Within the superfamily, ASL is most closely related to δ-crystallin in amino acid sequence and in protein fold structure. There are two isoforms of δ-crystallin, δI and δII. These two isoforms conserve 69% and 71% of the ASL amino acid sequence, respectively, but only the δII isoform retains the same enzymatic activity as ASL. The similarities have led researches to believe that these crystallins have evolved from the recruitment to the lens of preexisting metabolic enzymes, like ASL, by a process called 'gene sharing'. The same gene product functions as both a lens crystallin and an enzyme in other non-ocular tissues. Comparative studies of the δ-crystallins have been beneficial for understanding the enzymatic mechanism of the ASL reaction.

==Genomics==
Mutations in the human ASL gene causes argininosuccinic aciduria, a rare autosomal recessive disorder, and results in deficiencies of the urea cycle. Argininosuccinate lyase is an intermediate enzyme in the urea synthesis pathway and its function is imperative to the continuation of the cycle. A non-functioning enzyme results in patients' accumulation of ammonia, argininosuccinate, and citrulline in the blood, and argininosuccinate is excreted in the urine. Other resulting symptoms include lethargy, vomiting, hypothermia, hyperventilation, hepatomegaly and progressive encephalopathy in infant patients, and abnormal hair growth, hepatic fibrosis, episodic vomiting, growth and developmental delay, in patients experiencing the disorder later in childhood.

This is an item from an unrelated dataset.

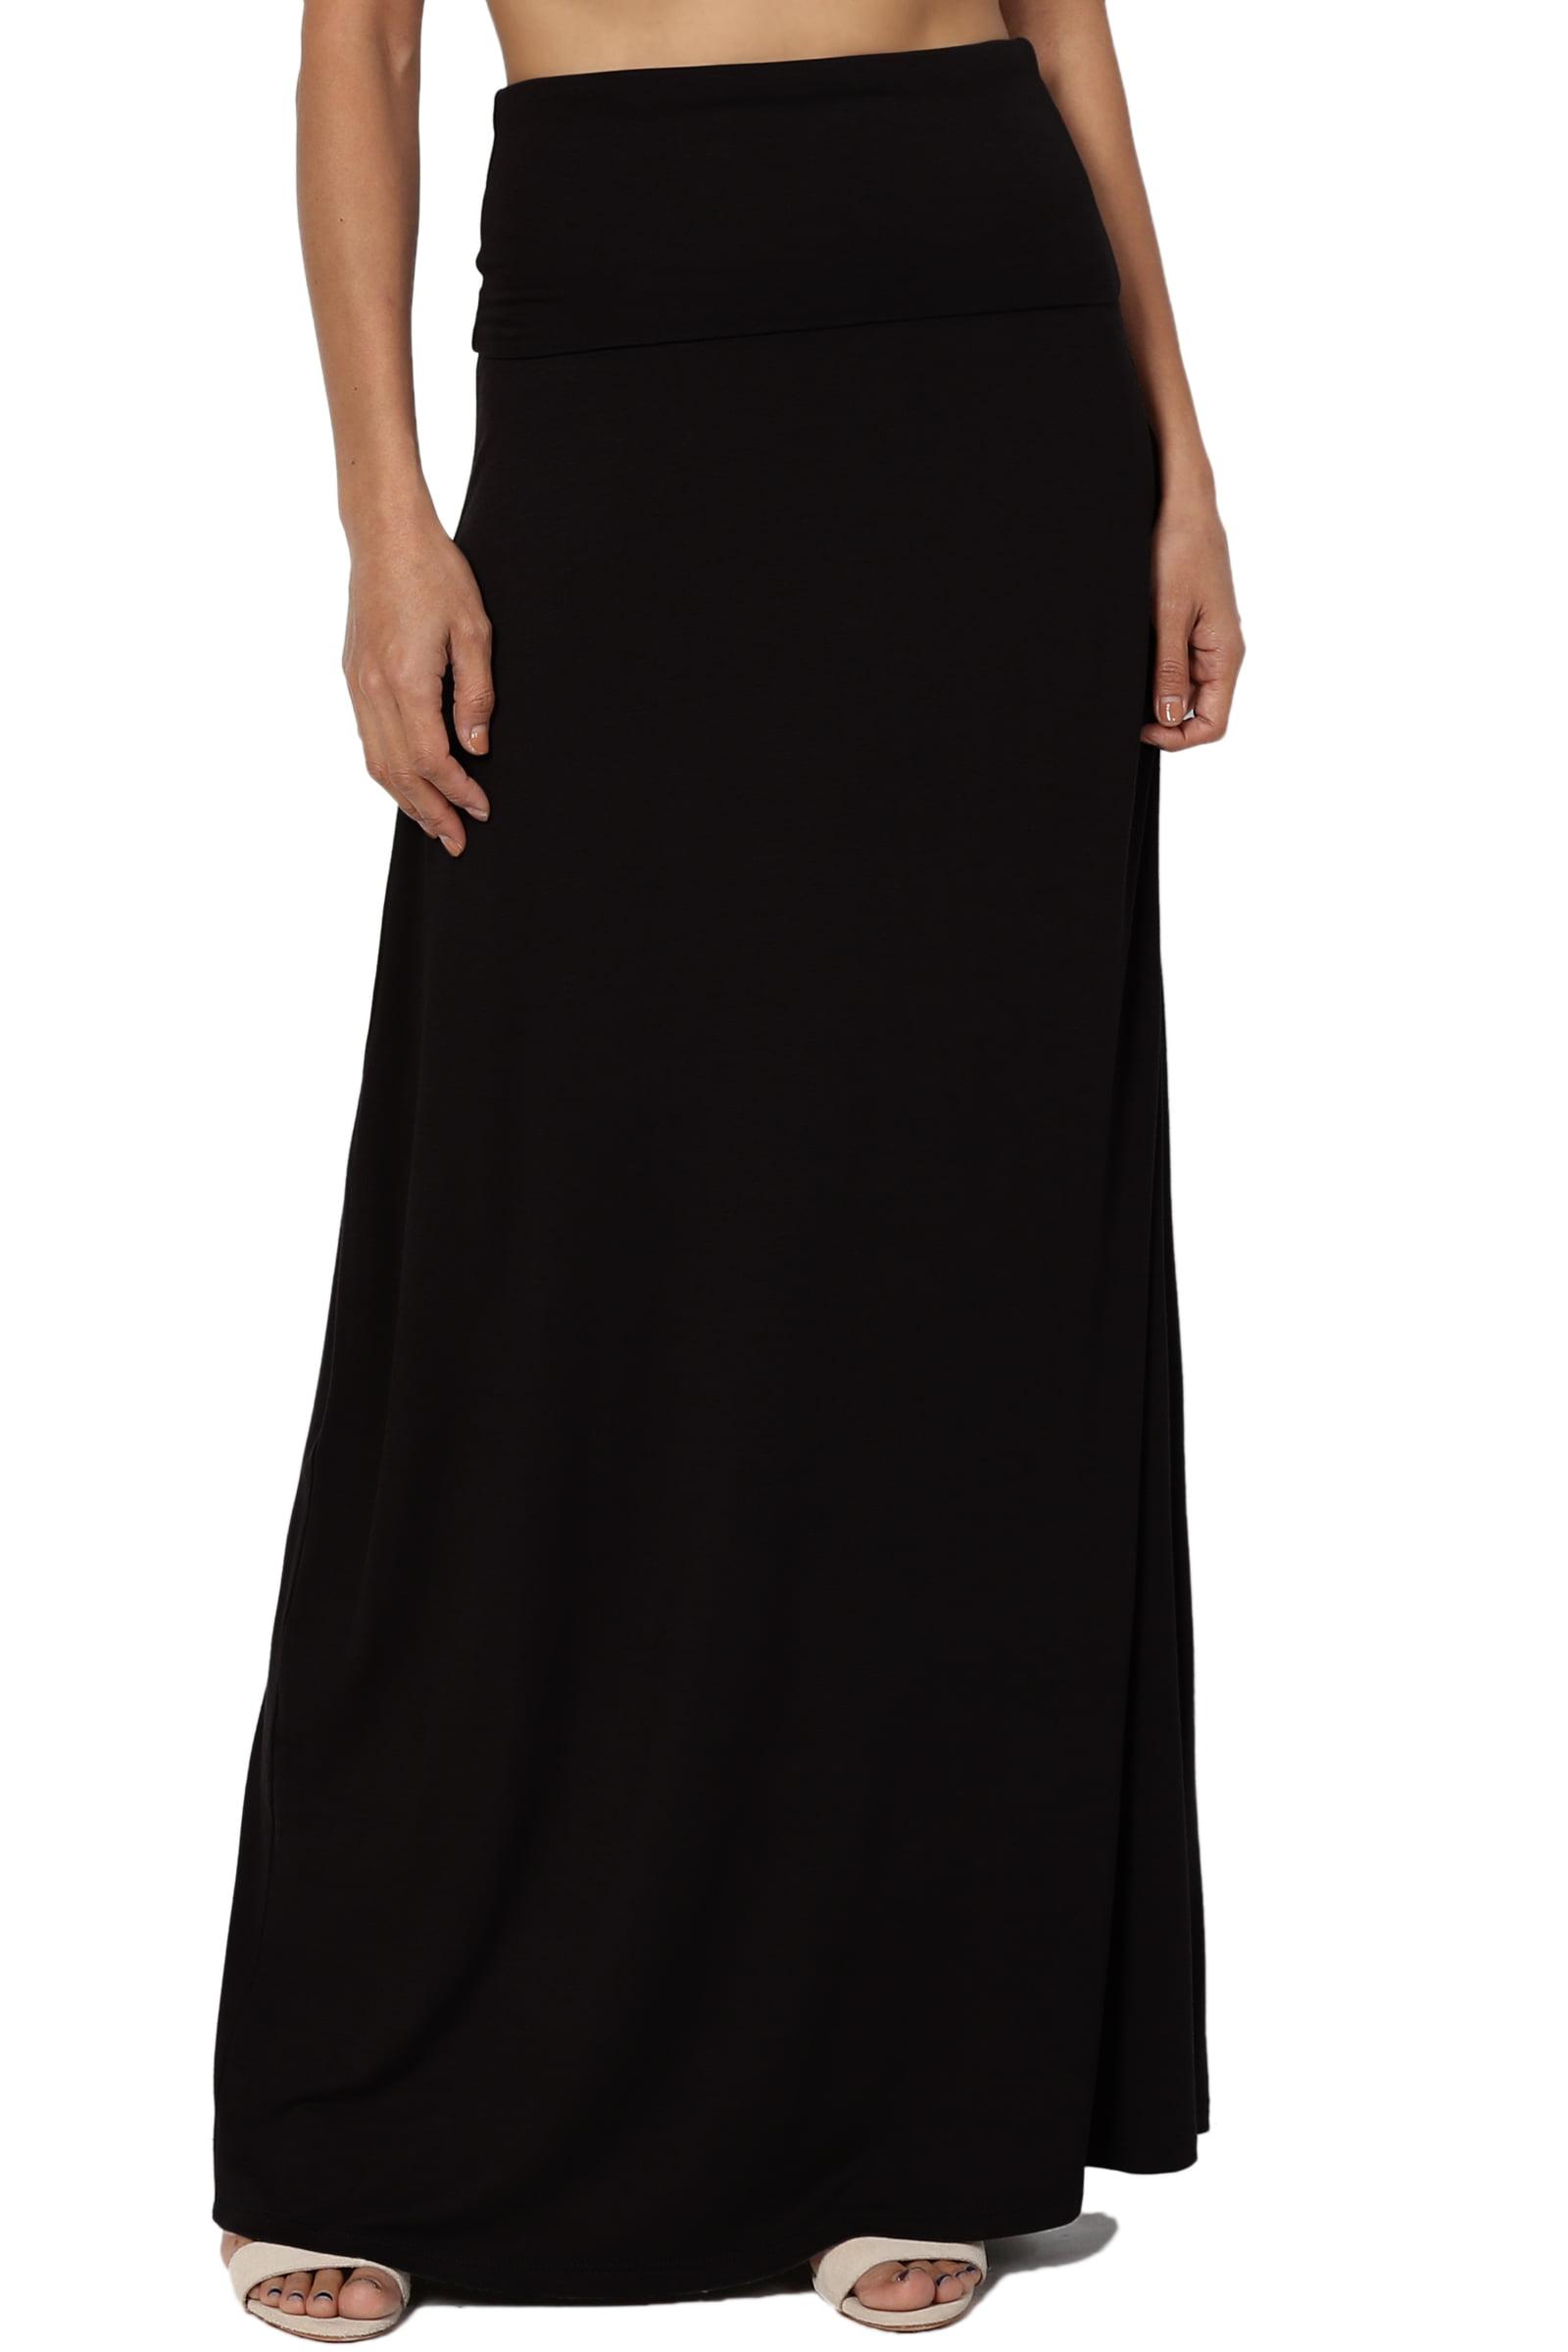 Maroon Double Layer Women Chiffon Retro Long Maxi Dress Elastic Waist Skirt
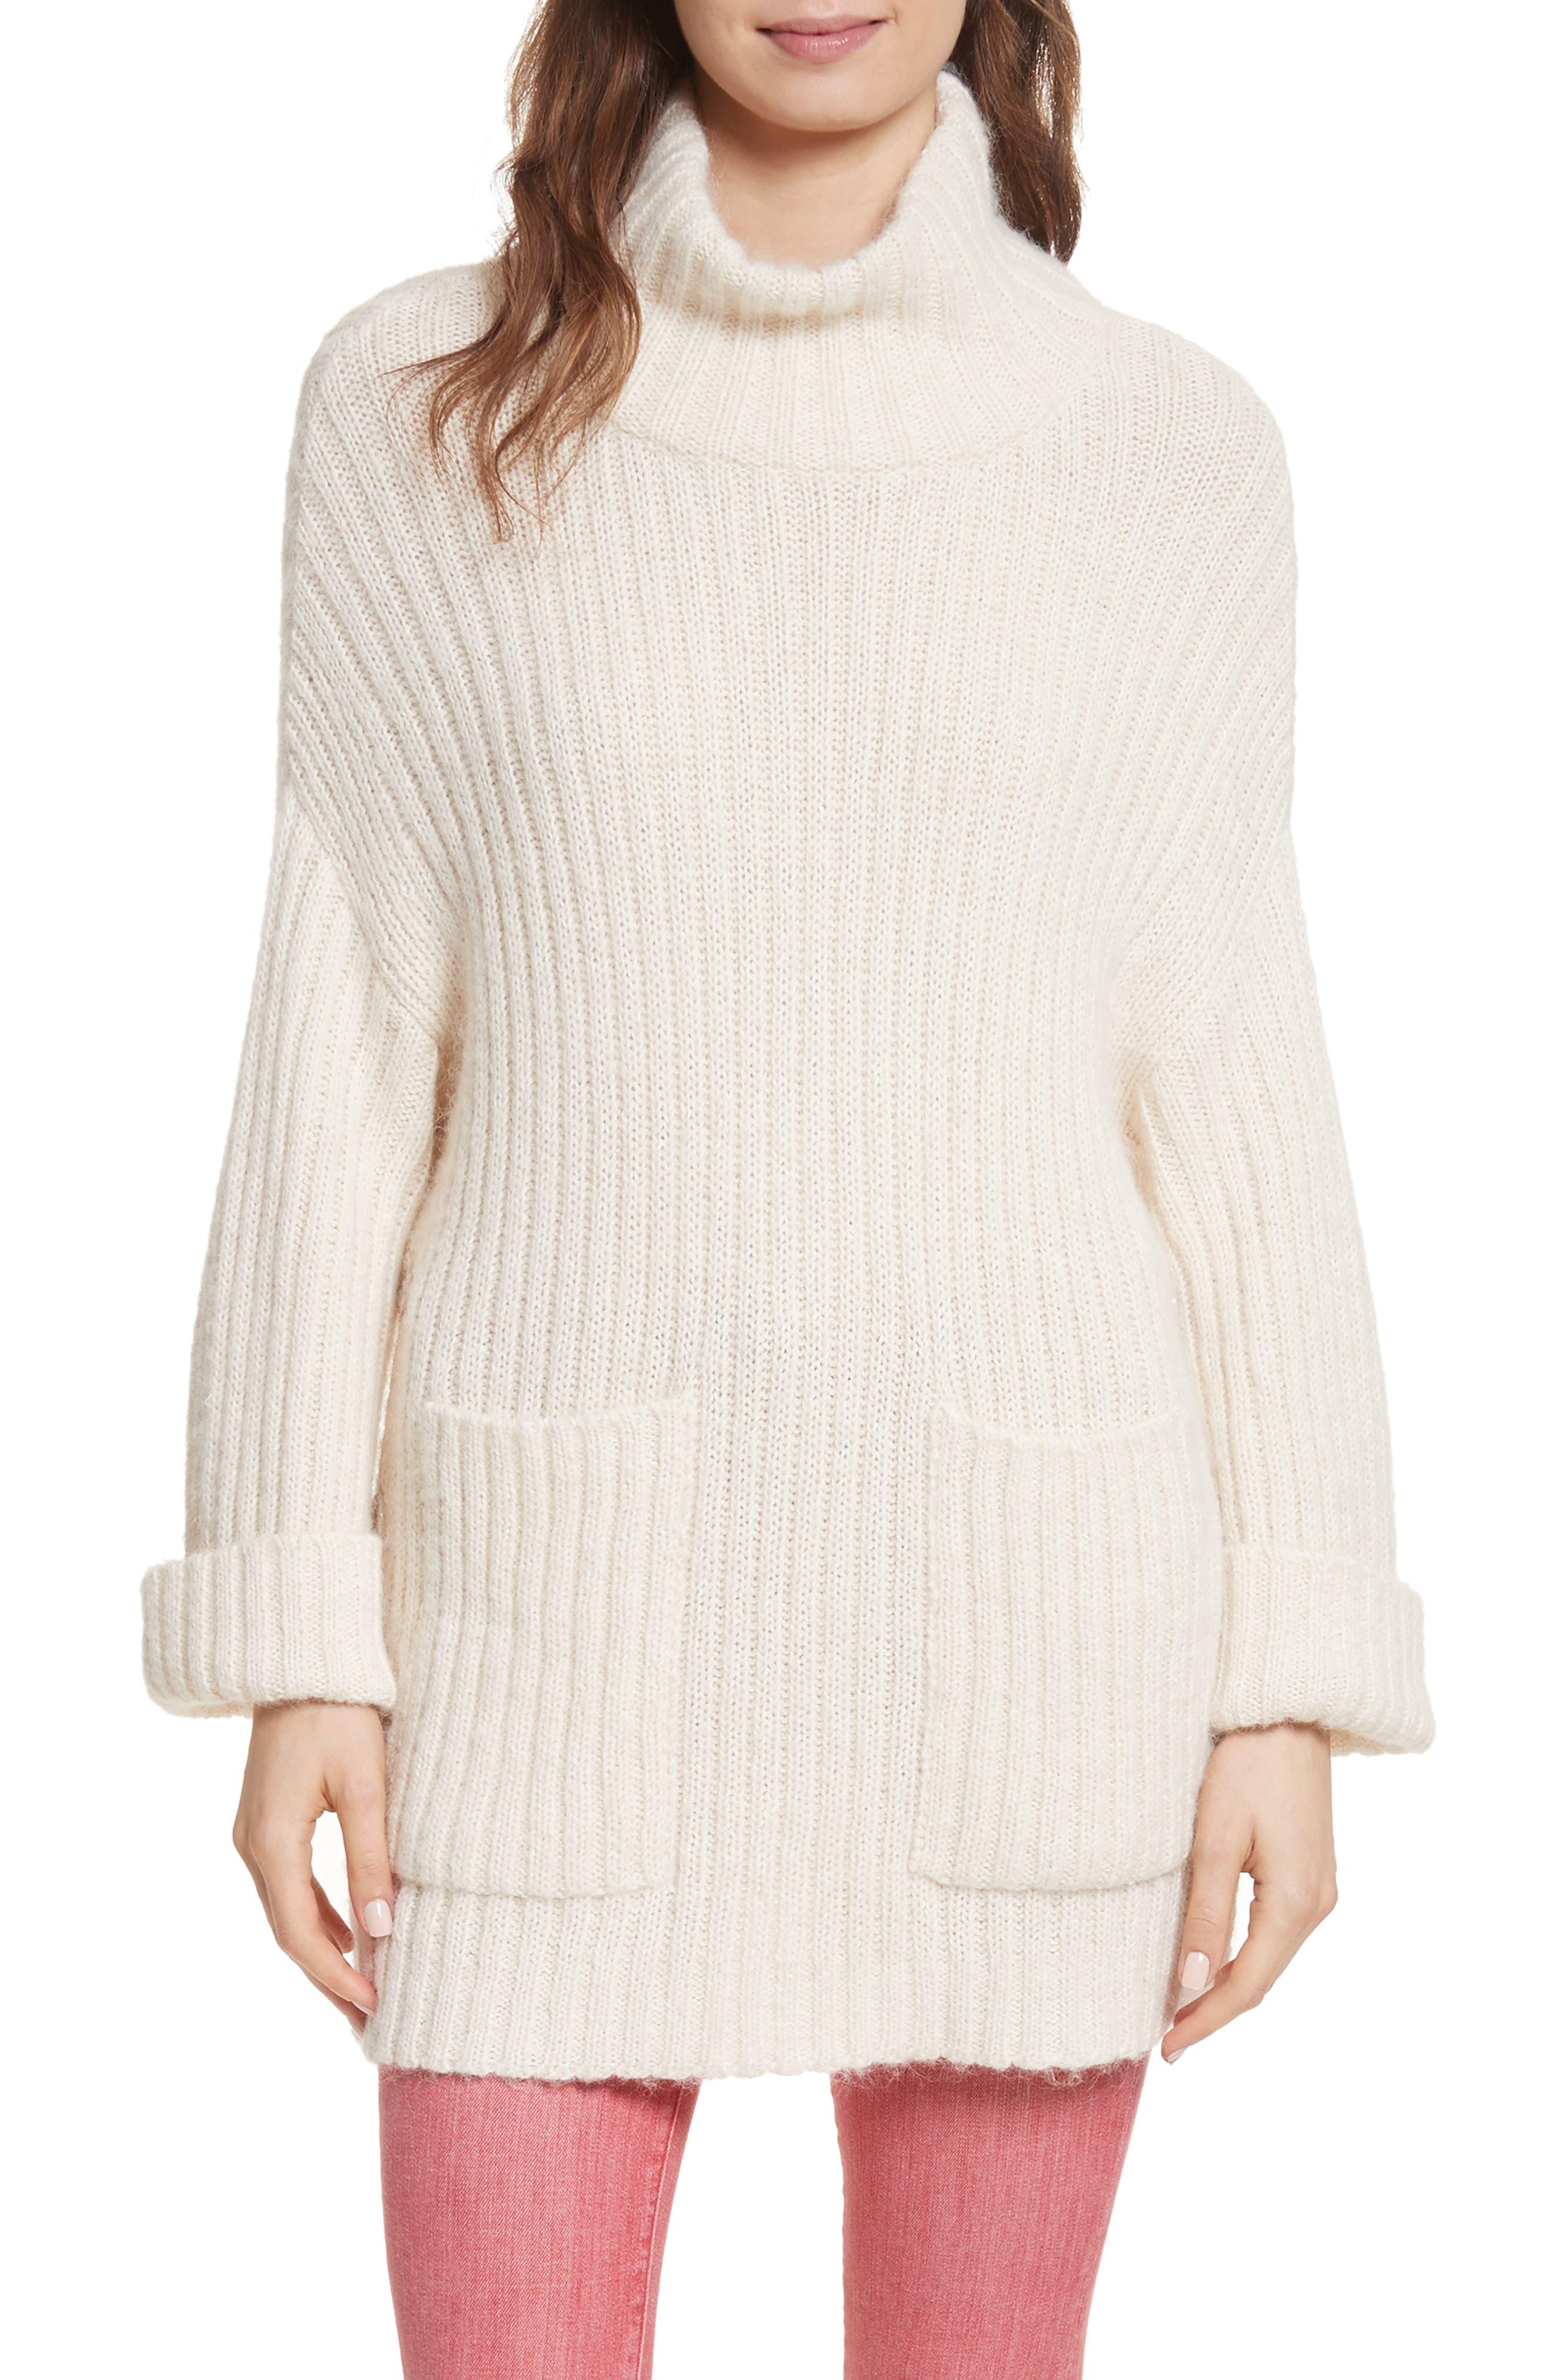 Banain Turtleneck Sweater,                             Main thumbnail 1, color,                             114

ASL is a key enzyme in the conversion of ammonia to urea through the urea cycle. Ammonia builds to toxic levels, resulting in hyperammonemia. Ammonia is toxic in part because it affects the nervous system. There is biochemical evidence that shows rises in ammonia can inhibit glutaminase and therefore limit the rate of synthesis of neurotransmitters such as glutamate, which can explain the developmental delay in argininosuccinic aciduria patients.

One mutation in patients with argininosuccinic aciduria occurs when glutamine 286 is mutated to arginine. The enzyme now has a positively charged arginine in place of a neutrally charged glutamine and studies suggest this change may sterically and/or electrostatically hinder a conformational change necessary for catalysis.